Subscription Required. Please recommend JoVE to your librarian.

Discussion

Tecniche di microscopia rappresentano strumenti fondamentali in laboratori di ricerca. Qui, una breve descrizione dei metodi utilizzati per lo studio del reclutamento di proteine e cinetica alle lesioni del DNA è presentato. Abbiamo notato soprattutto la nostra esperienza sperimentale nel campo della locale microirradiation di cellule viventi, e discutiamo lo studio della cinetica della proteina di interazione proteina-proteina e FRAP alle lesioni del DNA di candeggio accettore FRET28 e sua avanzata modifica FRET-FLIM (Figura 4A-D).
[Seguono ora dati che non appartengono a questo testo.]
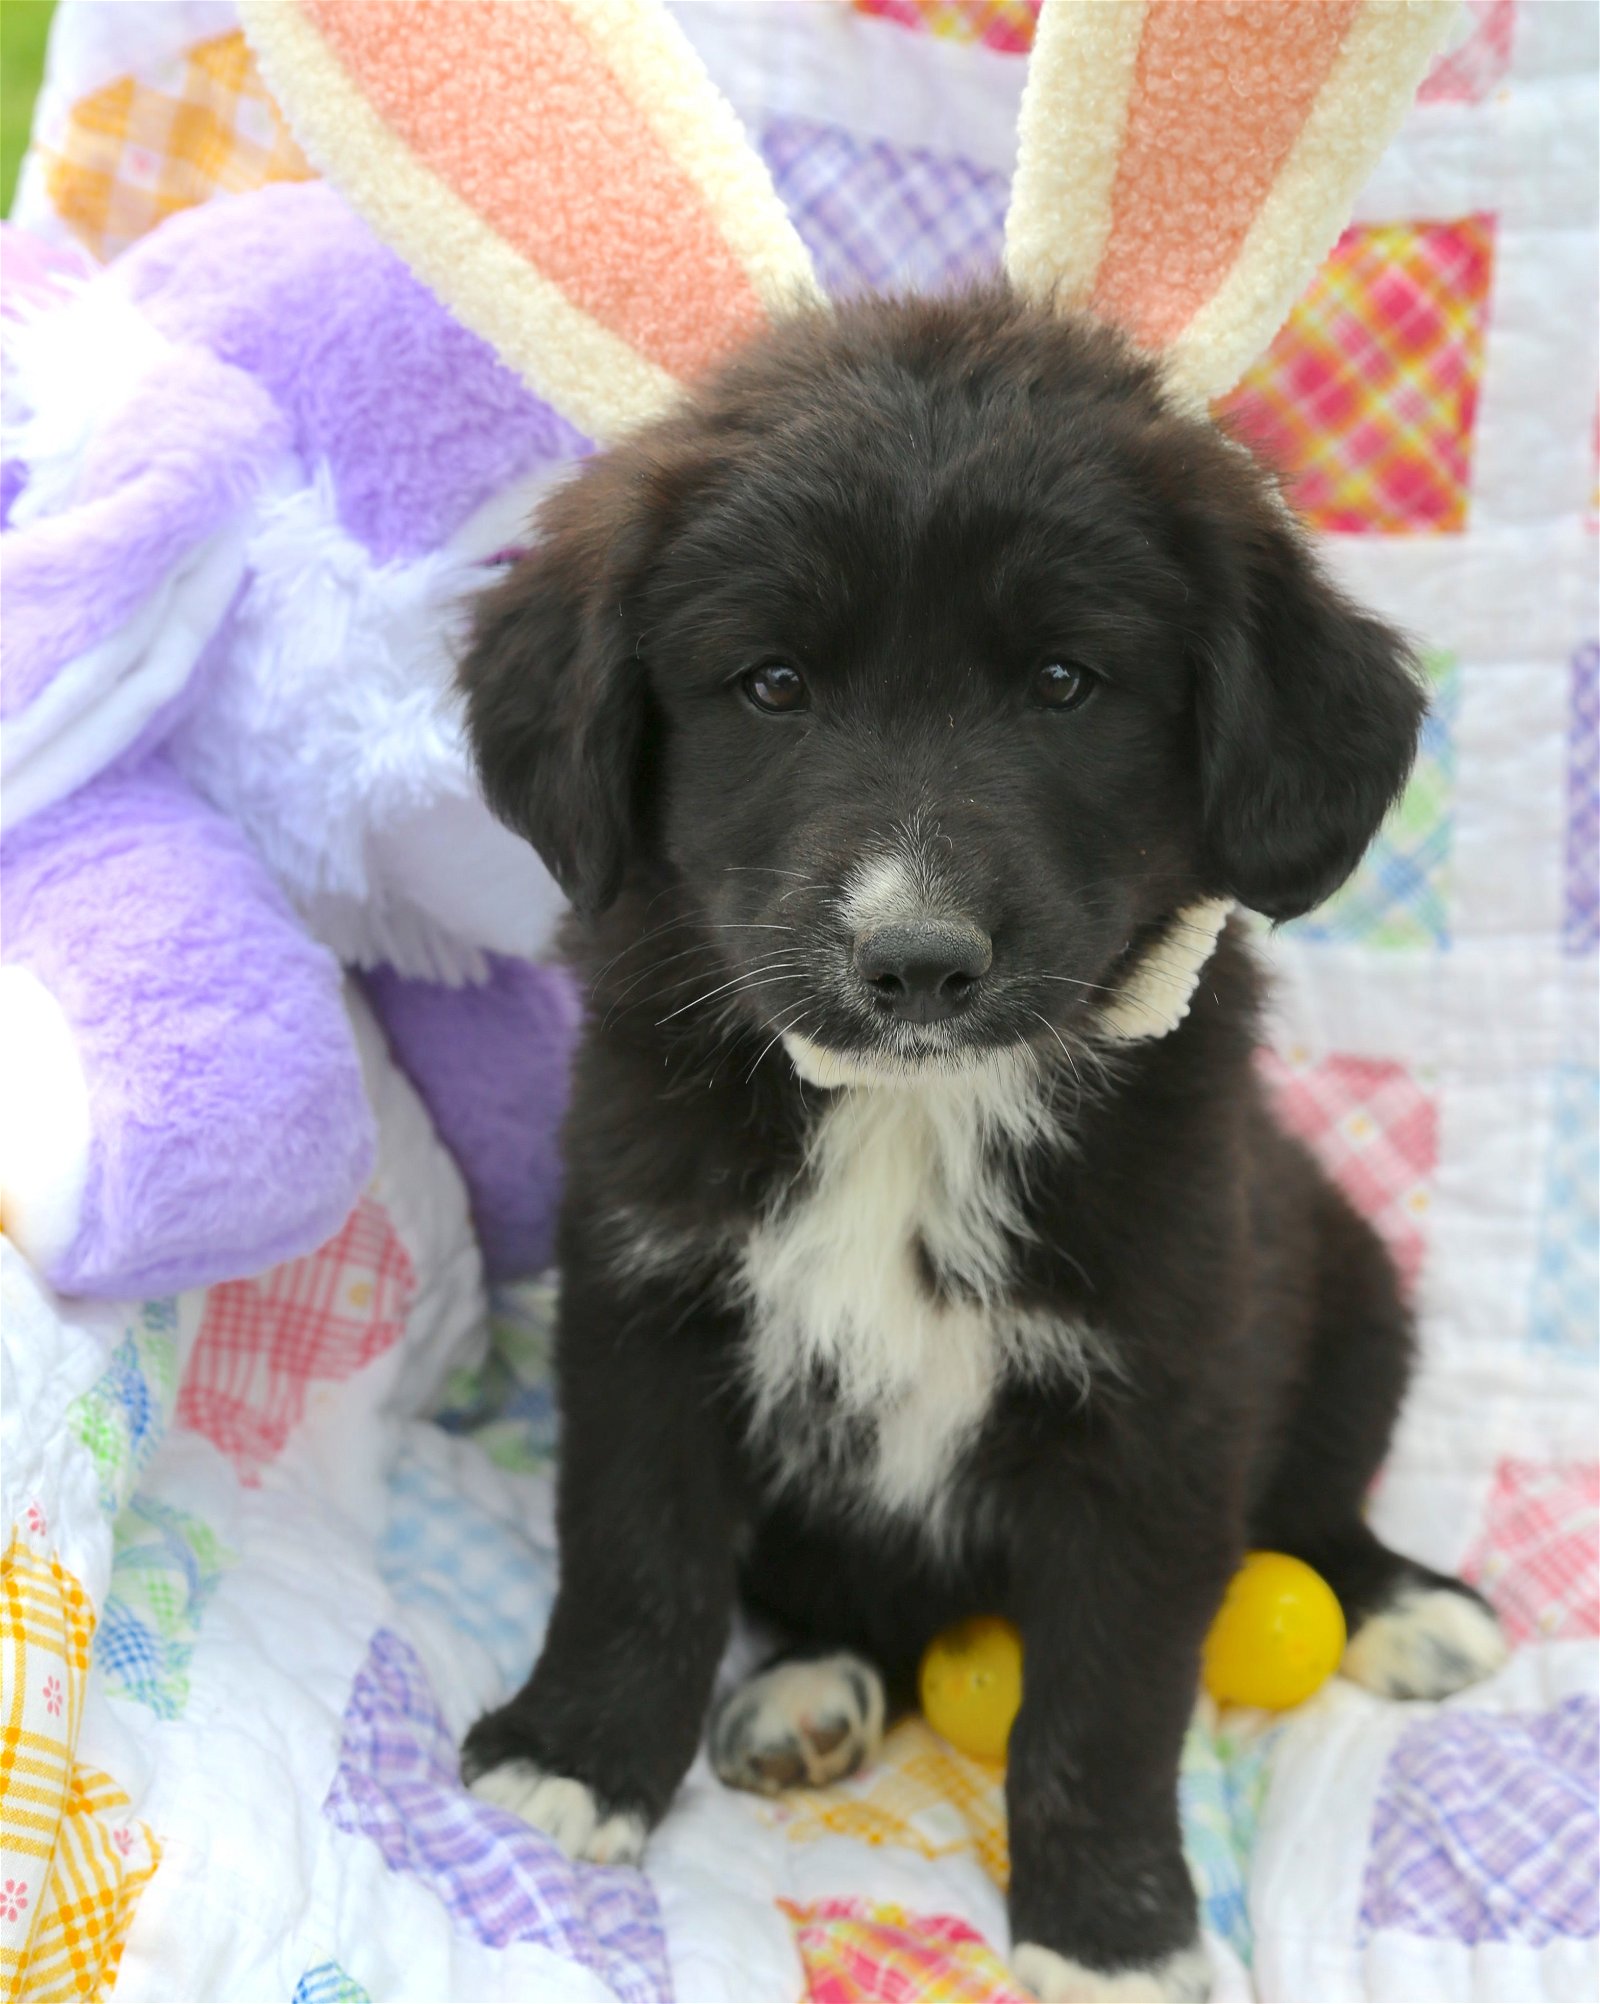 adoptable Dog in Warwick, RI named Cadbury Easter

I metodi qui illustrati sono strumenti essenziali per una vera comprensione di processi di riparazione del DNA, soprattutto la cinetica della proteina in sistemi cellulari viventi, come controllato da avanzati microscopi confocali6,7,8, 28. Questi metodi sono di immensa utilità per la medicina del futuro nel trattare con gli effetti della radioterapia su tessuti o che caratterizza la morfologia delle cellule del tumore. Per ottimizzare questo metodo, ci piacerebbe consigliamo di iniziare con ben noto interattori della proteina, come mostrato in Figura 4.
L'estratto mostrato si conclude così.